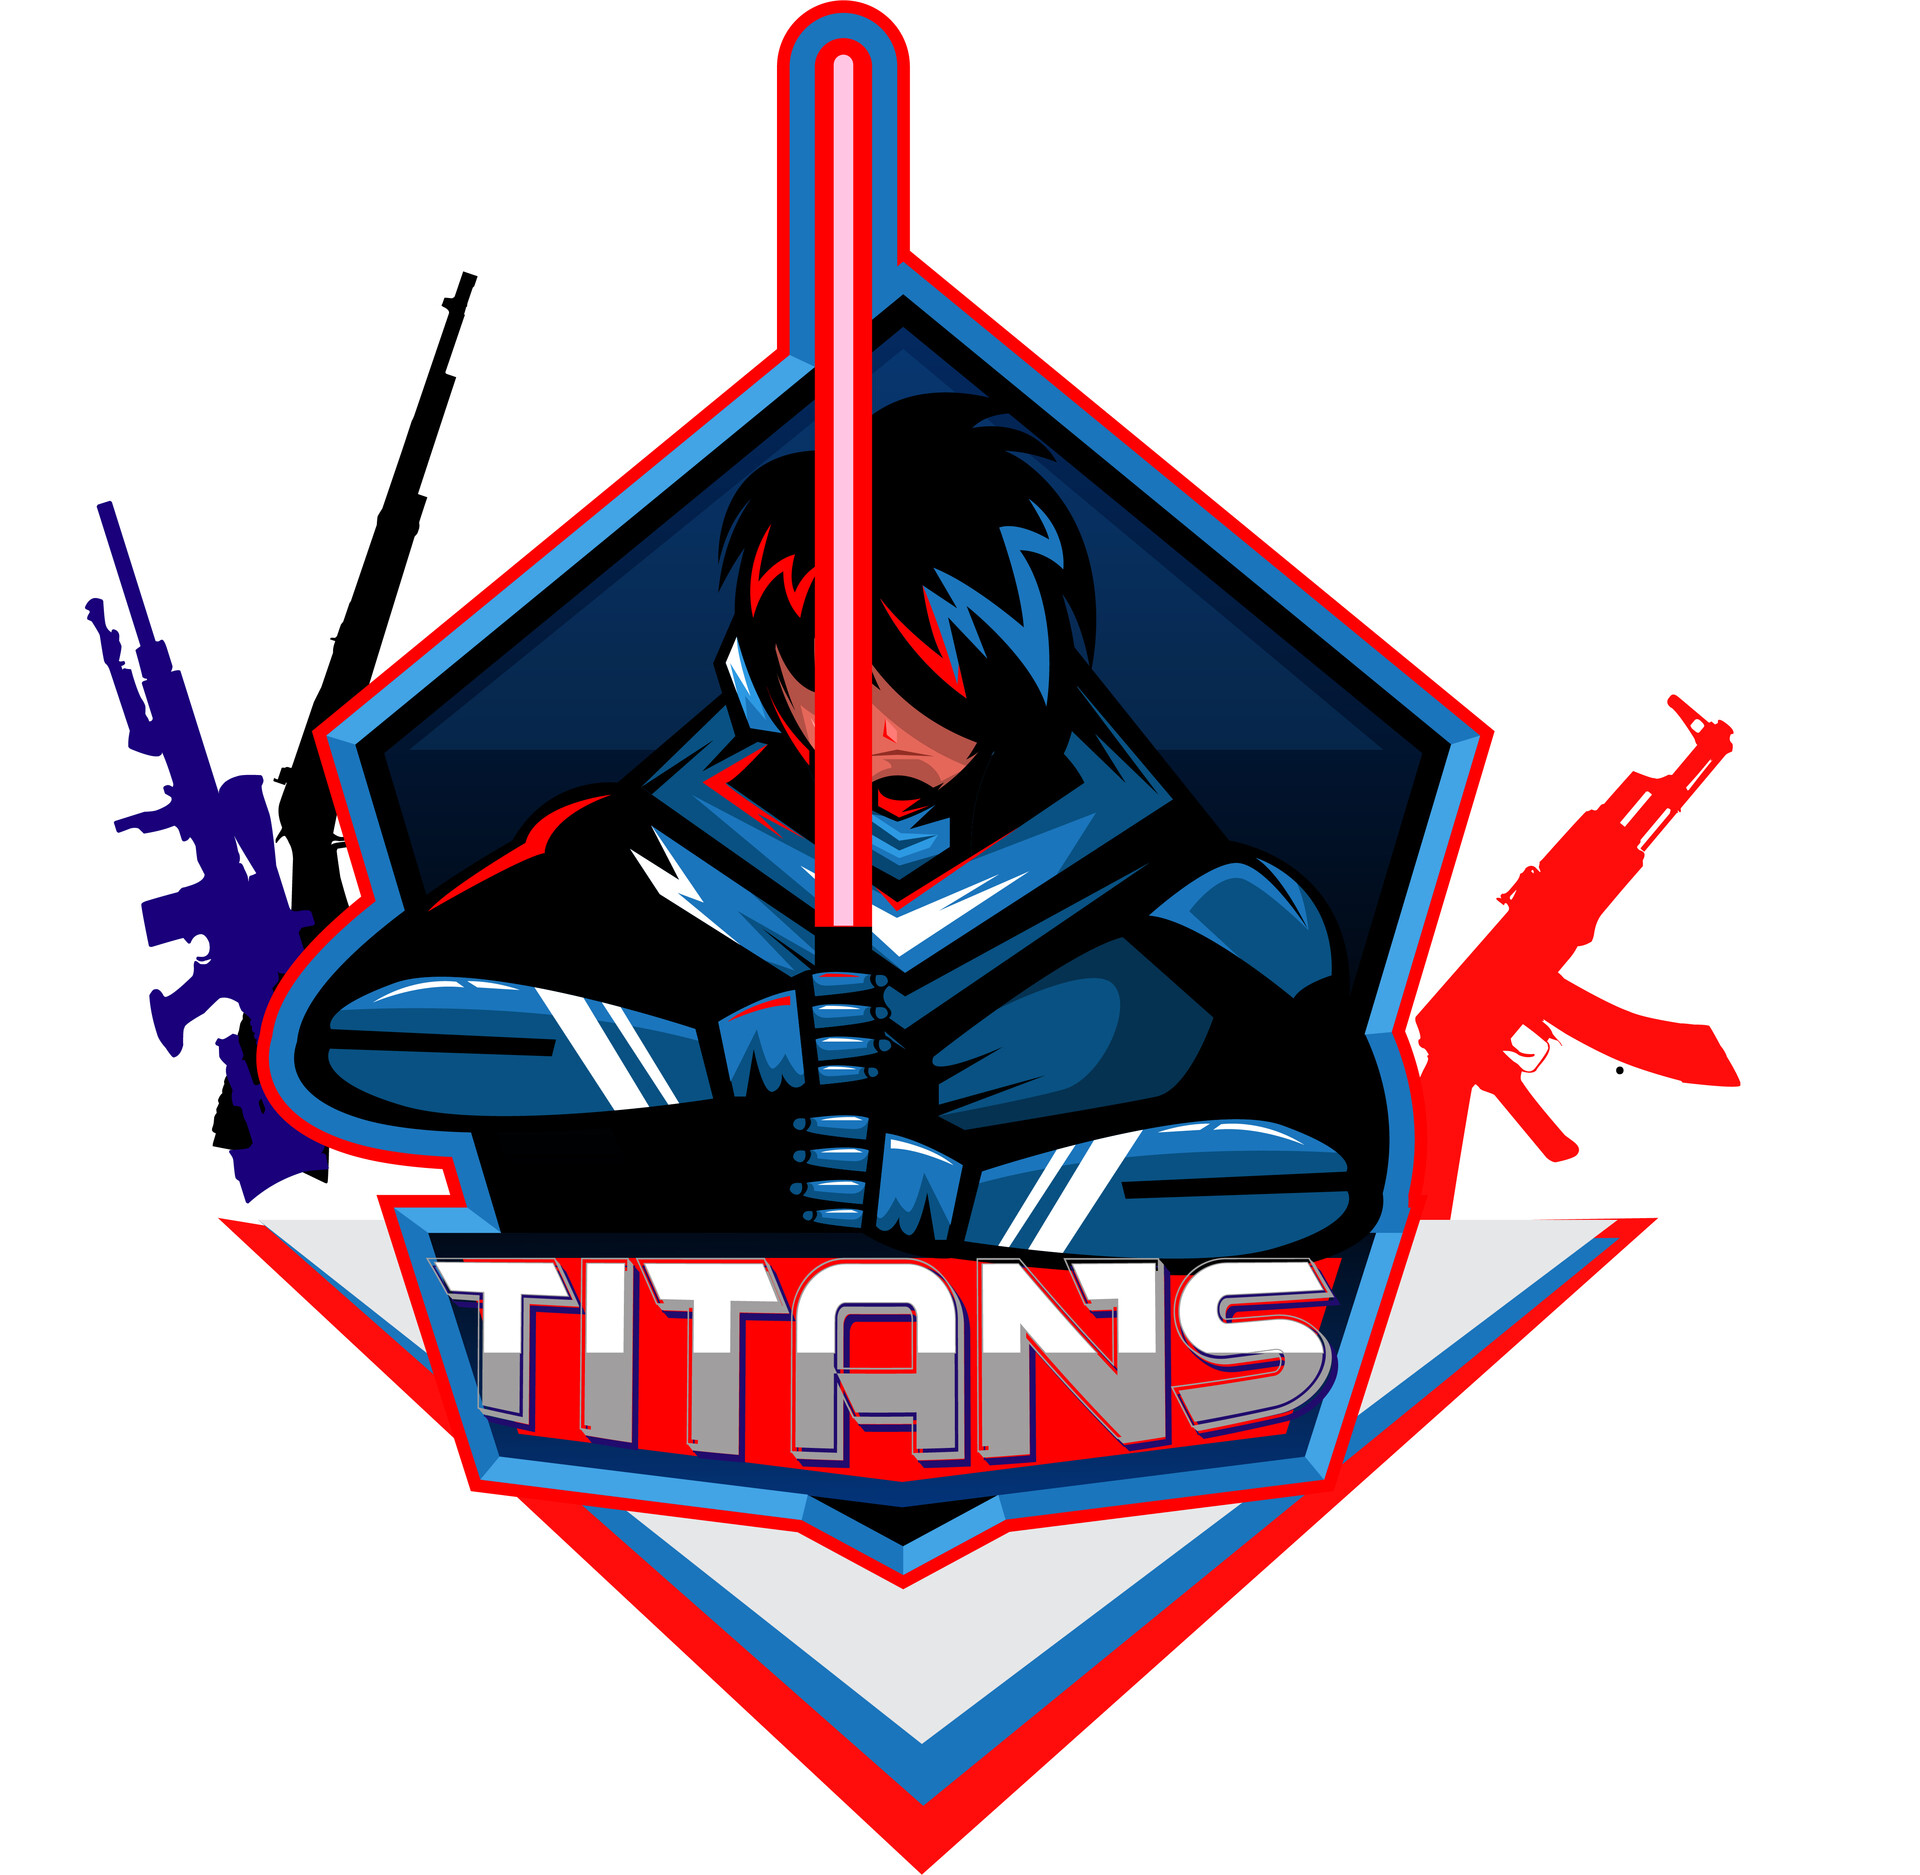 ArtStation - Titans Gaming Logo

══════

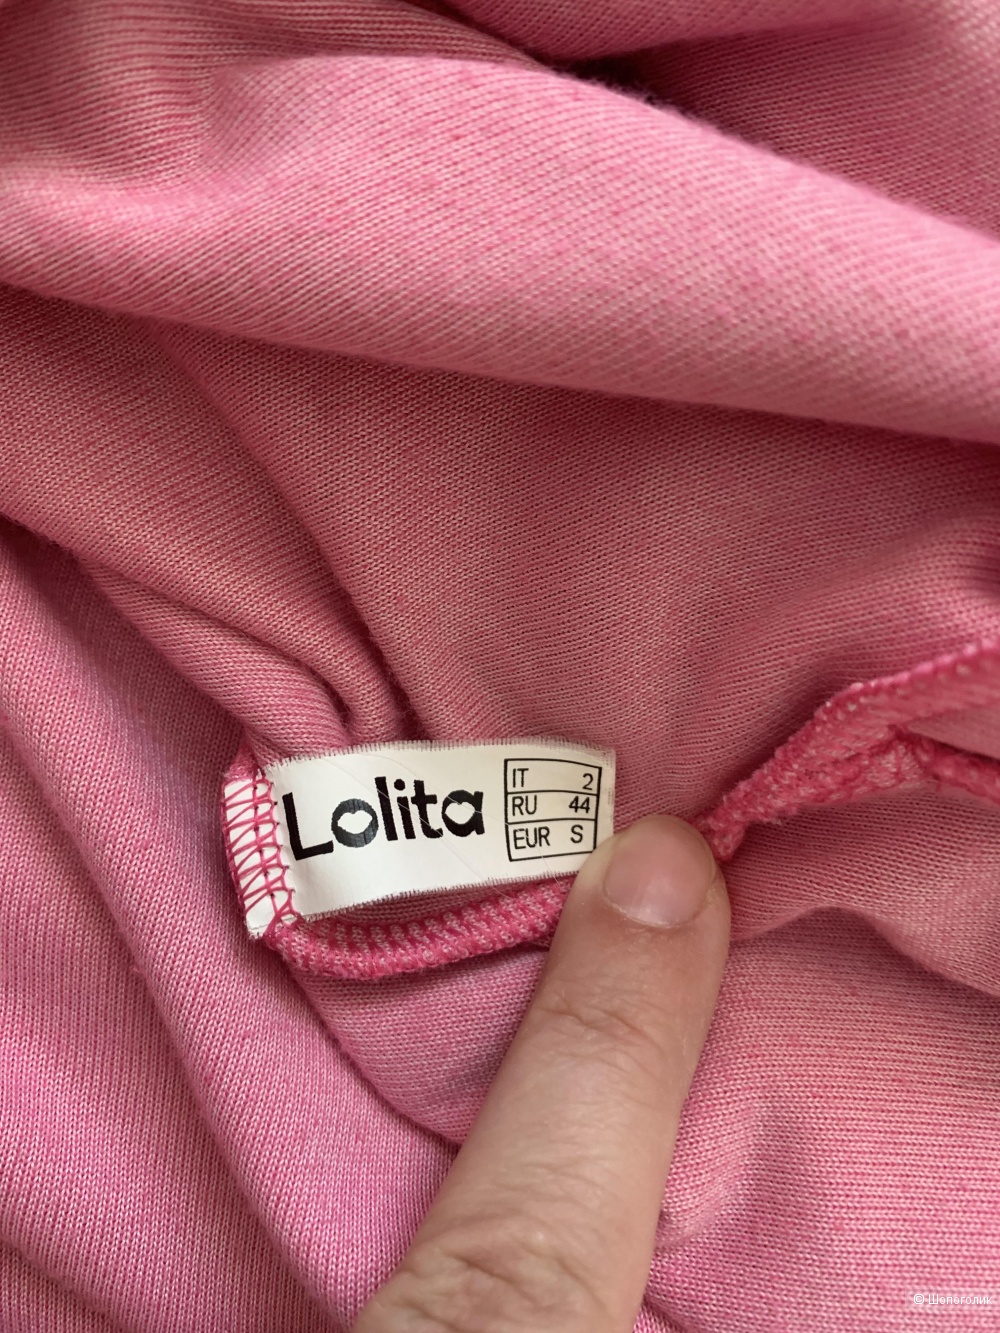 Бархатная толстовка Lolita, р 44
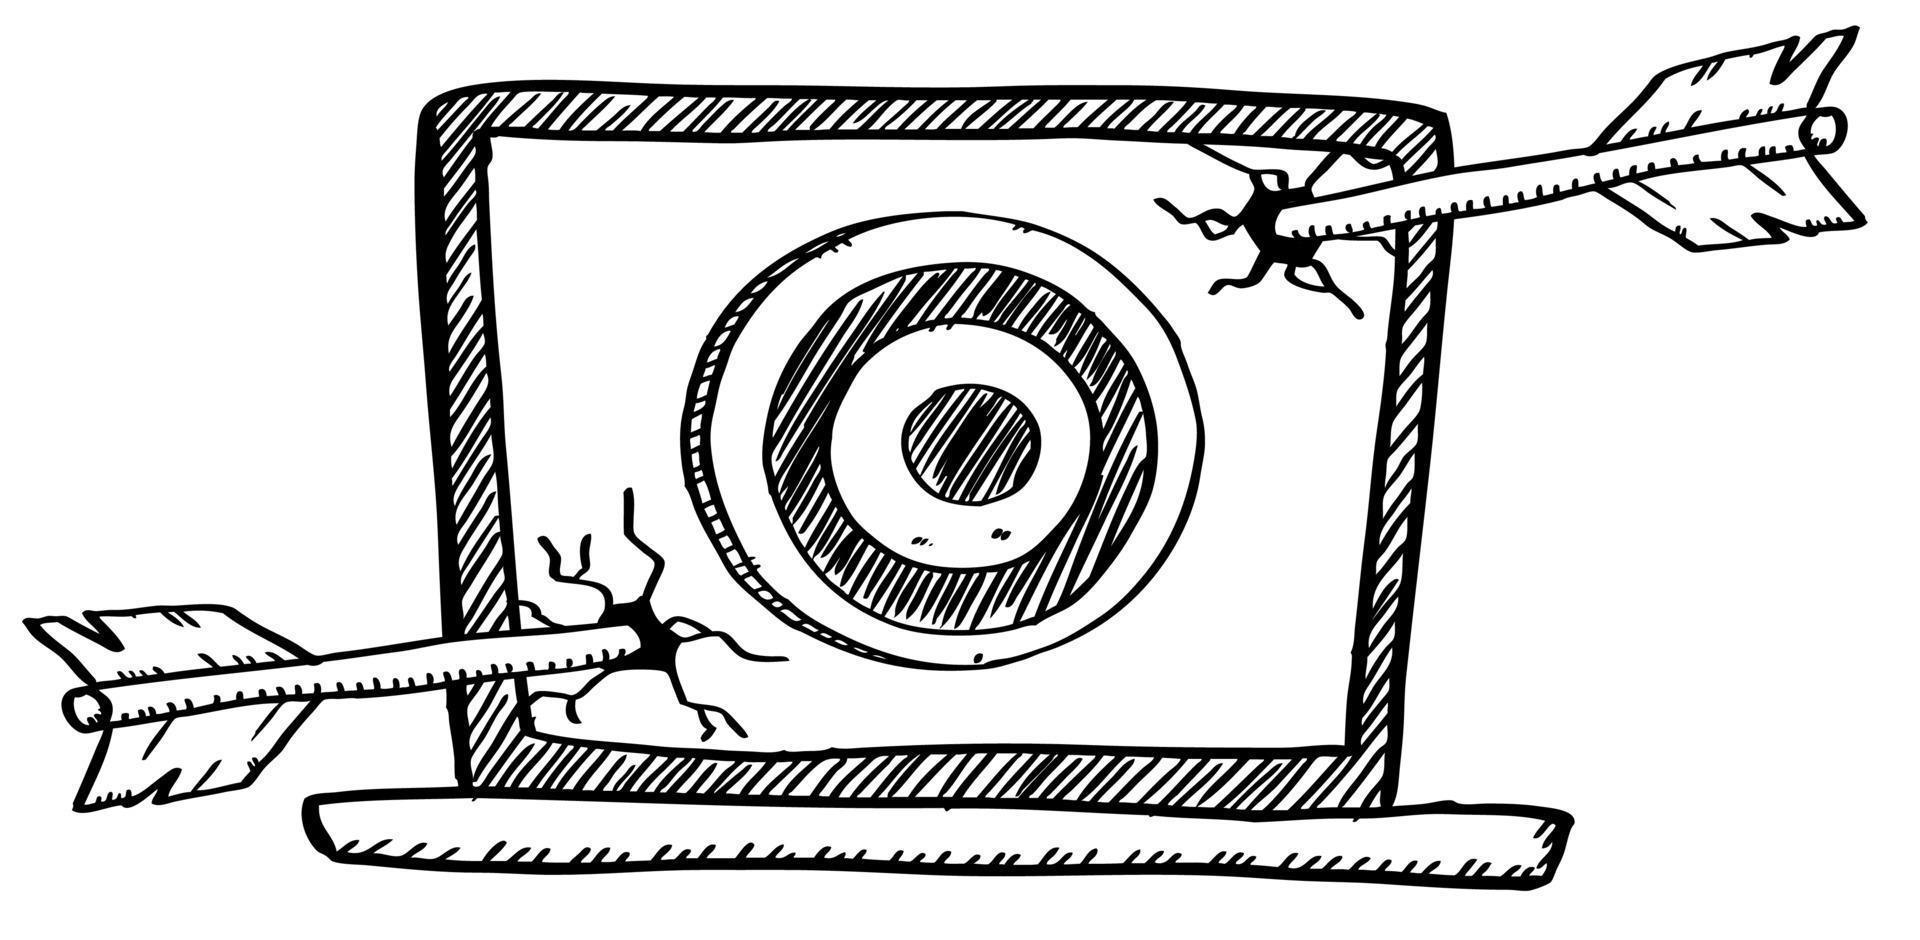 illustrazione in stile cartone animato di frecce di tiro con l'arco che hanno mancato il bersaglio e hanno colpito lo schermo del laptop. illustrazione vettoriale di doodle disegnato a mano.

══════

What you need to do: Look above for the line holding "Бархатная толстовка Lolita, р 44" and output everything from it down to the line holding "illustrazione in stile", both ends included, exactly and without images.

Task answer:
 Бархатная толстовка Lolita, р 44
 illustrazione in stile cartone animato di frecce di tiro con l'arco che hanno mancato il bersaglio e hanno colpito lo schermo del laptop. illustrazione vettoriale di doodle disegnato a mano.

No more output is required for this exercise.